JAKARTAMU.COM | Menteri Pendidikan Dasar dan Menengah Abdul Mu’ti berpesan agar dakwah komunitas memiliki pendekatan lebih terarah dan sasaran lebih spesifik. Dengan fokus pada komunitas, dakwah menjadi lebih efektif karena disesuaikan dengan karakteristik dan kebutuhan kelompok yang dituju.
Hal itu disampaikan Sekretaris Umum Pimpinan Pusat (PP) Muhammadiyah pada Selasa (12/11) dalam acara Silaturahim Nasional Dai Komunitas Lembaga Dakwah Komunitas PP Muhammadiyah di Balai Penjaminan Mutu Pendidikan (BPMP) Provinsi DKI Jakarta.
Dakwah komunitas menyasar kelompok-kelompok tertentu berdasarkan kesamaan yang mereka miliki, seperti kesamaan akidah, bahasa, atau latar belakang sosial budaya. Konsep ini mengingatkan kita pada pesan Rasulullah SAW yang disampaikan bi lisani qoumihi (dengan bahasa kaumnya). Dalam konteks ini, dakwah tidak hanya menjadi ceramah agama semata, tetapi juga sebuah proses berbagi yang disesuaikan dengan konteks dan kondisi masyarakat setempat.

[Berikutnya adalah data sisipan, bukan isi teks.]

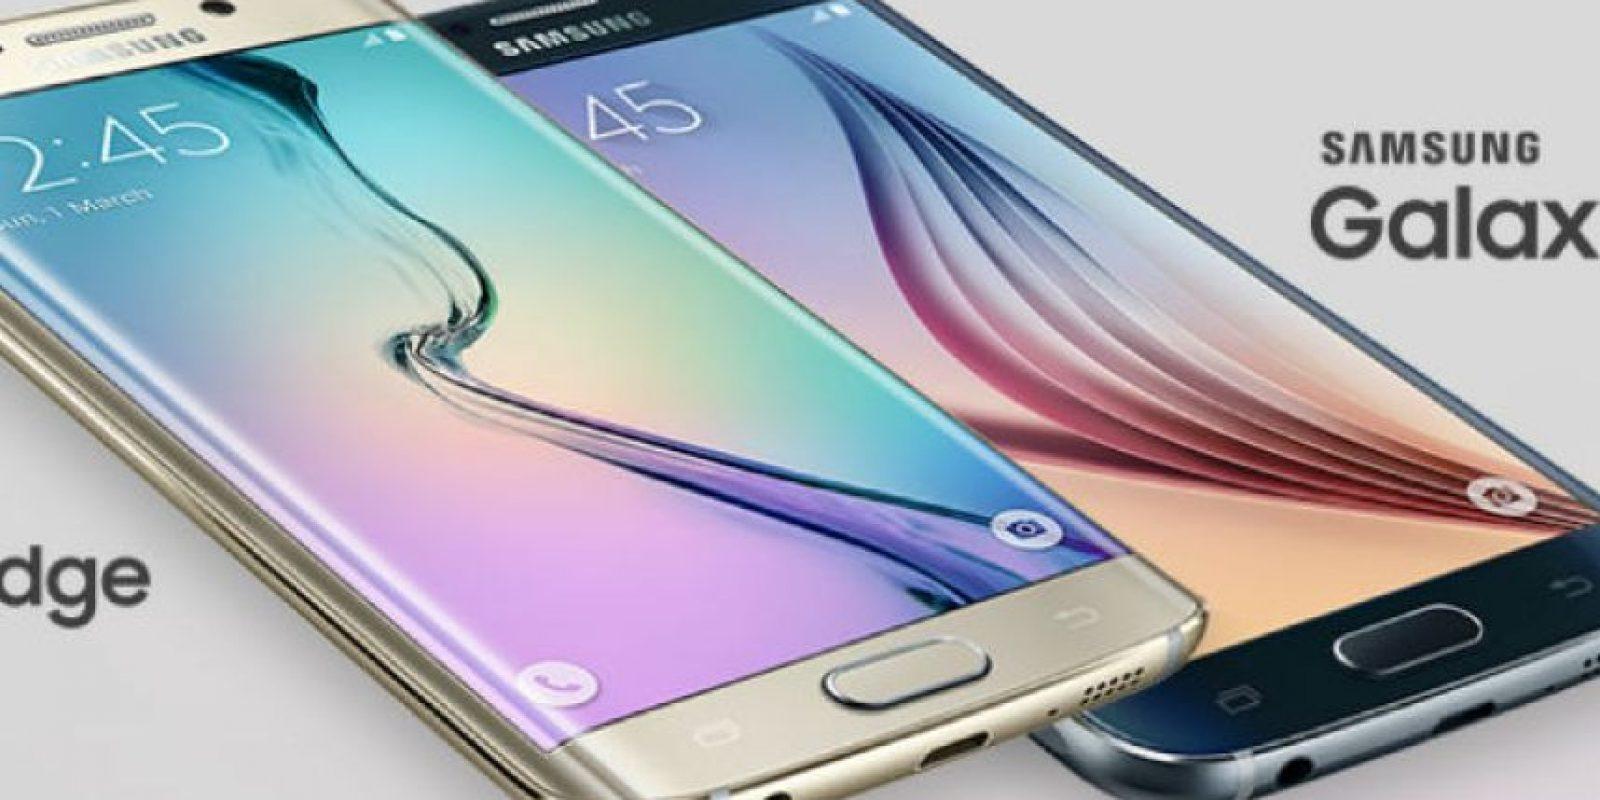 Samsung Galaxy S6 y Samsung Galaxy S6 Edge fueron presentados. Foto:Samsung

“Kalau kita berbicara mengenai dakwah komunitas, bagaimana dakwah ini memiliki fokus atau segmentasi kelompok-kelompok tertentu. Sehingga dakwah menjadi lebih terarah, dan para da’i tidak sekedar ceramah,” jelas menteri kelahiran Kudus, Jawa Tengah itu.

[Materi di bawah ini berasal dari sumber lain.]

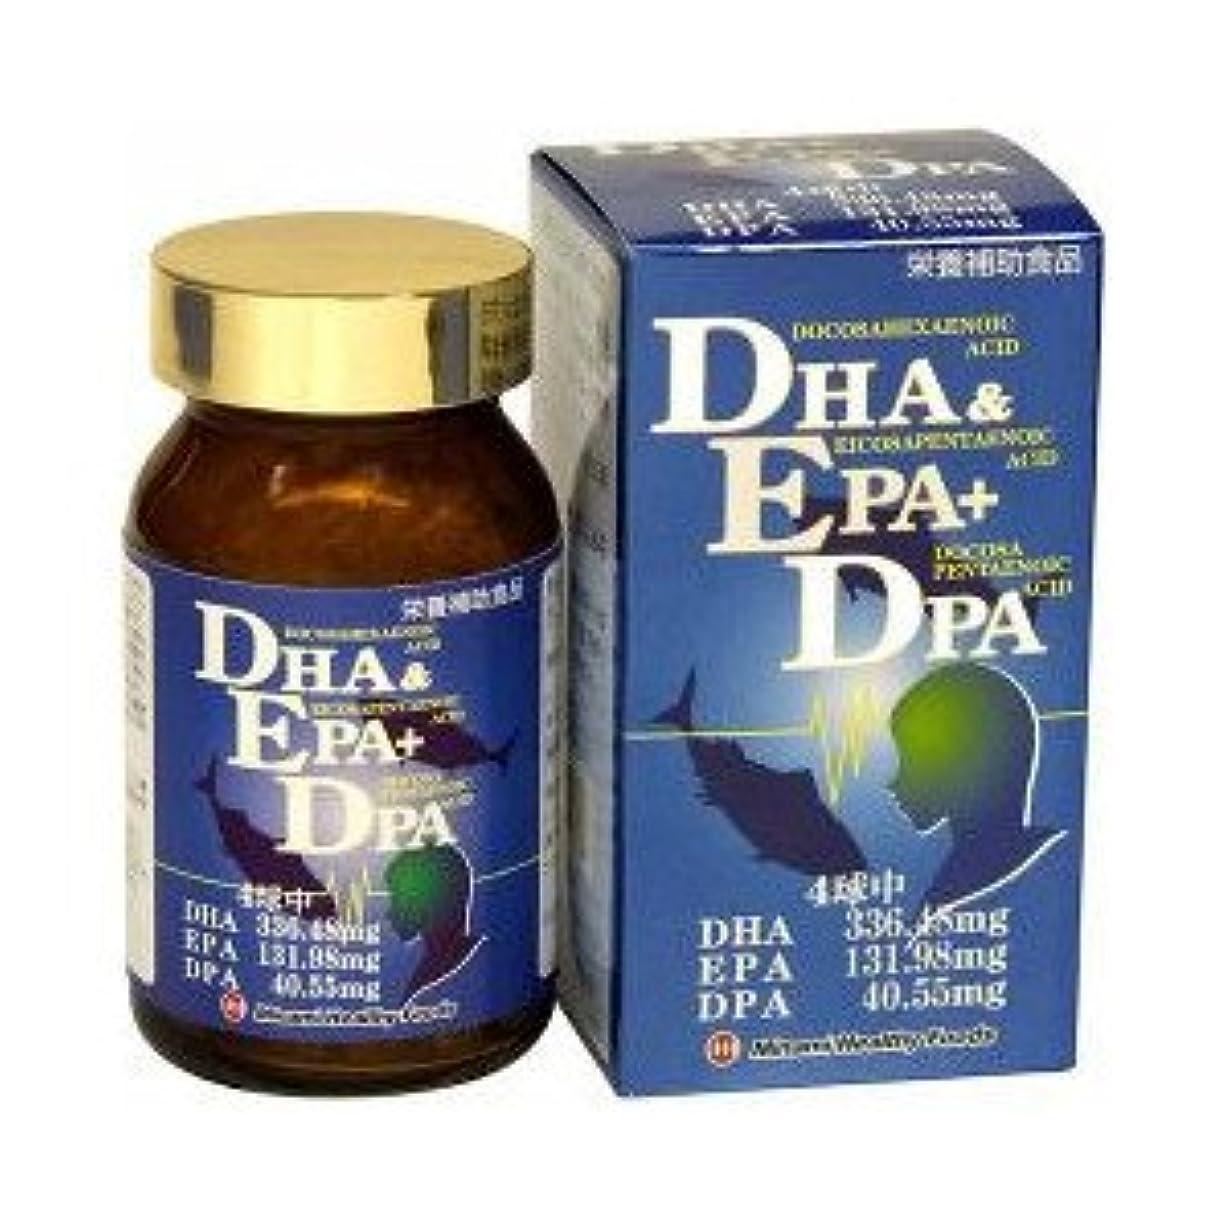 ピースパブ大胆不敵DHA&EPA+DPA 120粒

Komunitas yang Memiliki Kohesi Tinggi
Dalam dakwah komunitas, ikatan antar anggota komunitas sangat penting. Komunitas yang terbentuk bukan hanya sekadar kerumunan, melainkan kelompok yang memiliki ikatan kuat dan tujuan bersama. Umat Islam, misalnya, disebut sebagai “ummatan wahidah” (umat yang satu) dalam Al-Quran, dengan ikatan akidah sebagai faktor pemersatunya.
“Jadi komunitas itu memiliki kohesi yang tinggi. Dakwah komunitas itu adalah sebuah proses dimana kita menghadirkan Islam sesuai dengan komunitas itu,” papar Mu’ti.
Hal ini juga berlaku pada komunitas berbasis etnis atau kelompok tertentu, seperti komunitas ahli kitab, yang dalam beberapa ayat Al-Quran juga disebut sebagai mereka yang memiliki kesamaan dalam prinsip-prinsip akidah dan ibadah.
Mengelola Komunitas
Dakwah komunitas juga membutuhkan pengelolaan yang baik, seperti pembentukan pusat muallaf untuk mendukung mereka yang baru memeluk Islam. Terkadang, ada kecenderungan untuk menggembar-gemborkan status muallaf, padahal banyak di antara mereka yang sudah mantap dalam imannya.
“Maka da’i itu tidak harus mereka yang membaca ayat terus menerus, tapi da’i yang bisa berbaur dengan komunitas yang didakwahi tersebut,” tambahnya.